The flight from a spaceport in Mojave, Calif. of the vehicle Virgin Galactic is building to fly paying passengers into space didn’t go well. Co-pilot Michael Alsbury unlocked a feathering system too early. The spacecraft wasn’t built to account for such an error.
The first SpaceShipTwo broke apart mid-flight, killing Alsbury. Pilot Peter Siebold was seriously injured but survived.
The accident was a massive blow to Virgin Galactic’s efforts to make space more accessible – and to New Mexico’s hopes of diversifying its economy by building a commercial space industry with Virgin Galactic’s spaceflights at its core. It set back plans to relocate Virgin Galactic employees from California to southern New Mexico and begin long-awaited flights from Spaceport America, located east of Truth or Consequences.
Dealing with disaster wasn’t new for Nickolenko, Virgin Galactic’s director of spaceline engineering. He worked for NASA’s space shuttle program in Florida for 24 years. He was in the control room when Space Shuttle Columbia disintegrated over Texas in 2003, killing all seven crew members.
So after the SpaceShipTwo accident, Nickolenko helped bring people together to “focus on the task at hand,” he said in a recent interview.
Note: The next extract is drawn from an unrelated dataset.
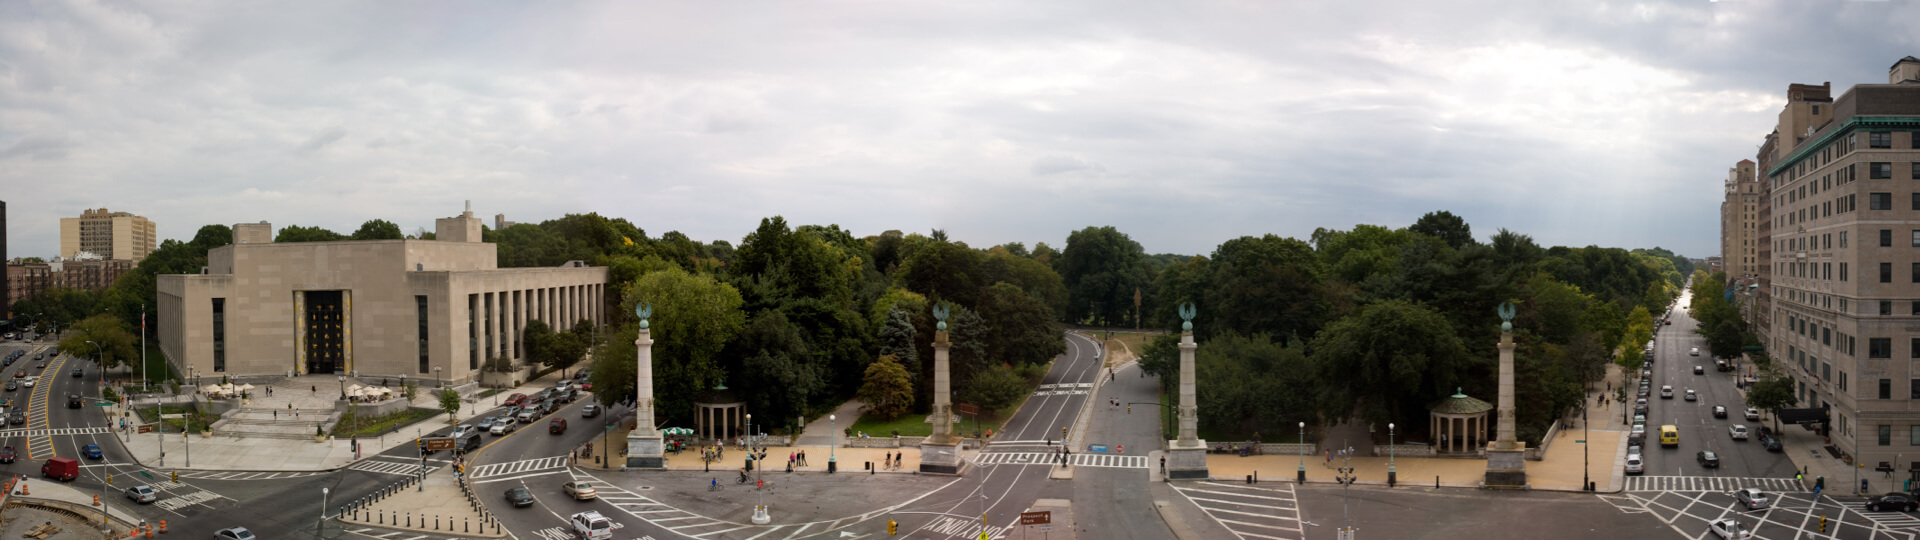 Grand Army Plaza panoramic view
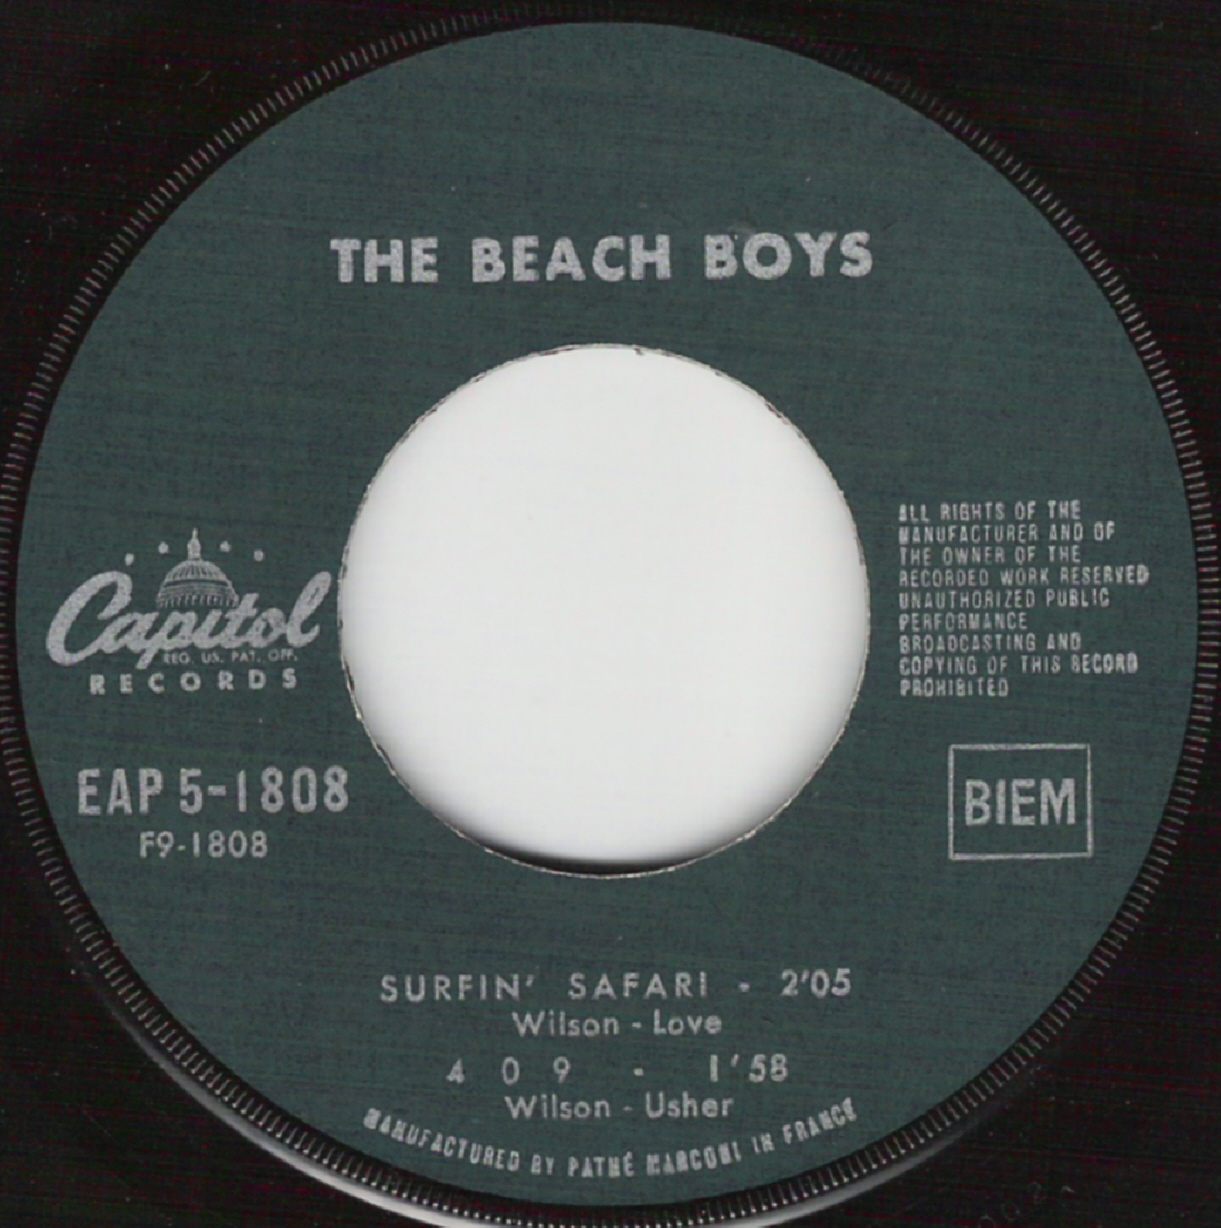 Beach Boys on 45 - France - EP's Capitol

Virgin Galactic brought on Nickolenko months before the accident, and based his job in Las Cruces because at the time the company thought it was on the verge of moving the bulk of its spaceline operation here. But on the day of the accident he was in Mojave for the test flight.
The company stopped providing public estimates of when it will begin taking passengers into space for years while it worked to fix the design flaw and complete SpaceShipTwo. With lives at stake, its reputation on the line, and facing criticism of its business model and plans, the company is focused on getting it right, Nickolenko said.
“We intend this to be a spaceline for Earth – so, just as the airlines now, we want to be very safe, need to be repeatable and also very consistent,” he said. “And we need to deliver the best experience for our customers.”
Nickolenko is one of 21 full-time employees the company already has in Las Cruces, according to Jonathan Firth, the company’s executive vice president for spaceport and program development. They work out of an office off Roadrunner Parkway marked on the outside only by a small sign that illustrates the evolution of flight. The thin, vertical strip of metal points upward from bird to small plane to fighter jet to commercial airliner to NASA’s Lunar Earth Module – and then finally to Virgin Galactic’s SpaceShipOne and SpaceShipTwo. The door to the office remains locked even during business hours.
Inside, Virgin Galactic’s office is techy and bright, with furniture in shades of gray and white. Visitors have to sign in on an iPad. A model of SpaceShipTwo and WhiteKnightTwo – the cargo aircraft designed to carry the spaceship to a release altitude closer to space – sits on a table in the entryway.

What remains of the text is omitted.